Co-administration of atazanavir 300 mg/ritonavir 100 mg with omeprazole or atazanavir 400 mg with lansoprazole to healthy volunteers resulted in a substantial reduction in atazanavir exposure. The absorption of atazanavir is pH dependent. Although co-administration with rabeprazole was not studied, similar results are expected with other proton pump inhibitors.
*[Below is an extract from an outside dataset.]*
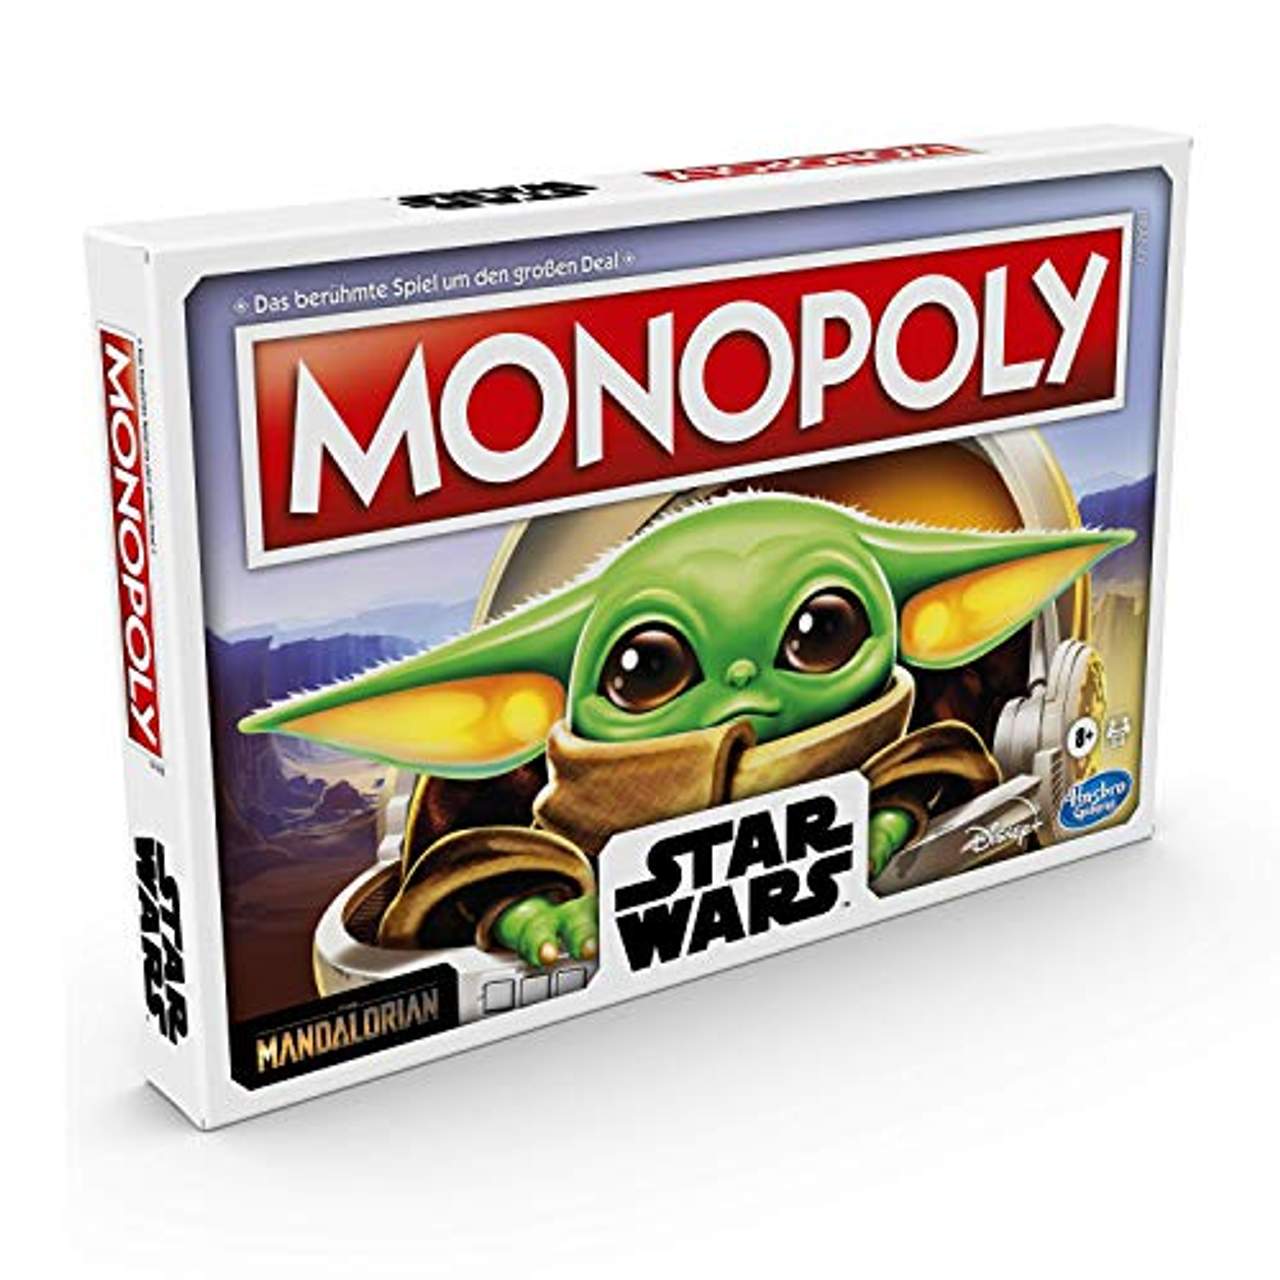 Monopoly: Star Wars Das Kind Edition

Therefore, rabeprazole should not be co-administered with atazanavir.
In clinical trials, antacids were used concomitantly with the administration of Rabeprazole sodium (PARIET) and, in a specific study designed to define this interaction, no interaction with liquid antacids was observed.
Administration of rabeprazole sodium with a high fat meal may delay its absorption up to 4 hours or longer; however, the Cmax and the extent of absorption (AUC) are not altered.
Methotrexate: Case reports, published population pharmacokinetic studies, and retrospective analyses suggest that concomitant administration of FPIs and methotrexate (primarily at high dose; see methotrexate prescribing information) may elevate and prolong serum levels of methotrexate and/or its metabolite hydroxymethotrexate. However, no formal drug interaction studies of methotrexate with PPIs have been conducted.
Instructions for Use and Handling: No specific instructions needed.
Incompatibilities: Not applicable.
Rabeprazole sodium (PARIET) should be stored at temperatures not exceeding 25°C and be protected from moisture after unsealing.
Shelf-Life: 36 months.
A02BC04 - rabeprazole ; Belongs to the class of proton pump inhibitors. Used in the treatment of peptic ulcer and gastro-oesophageal reflux disease (GERD).
FC tab (gastro-resistant) 10 mg x 14's. 20 mg x 14's.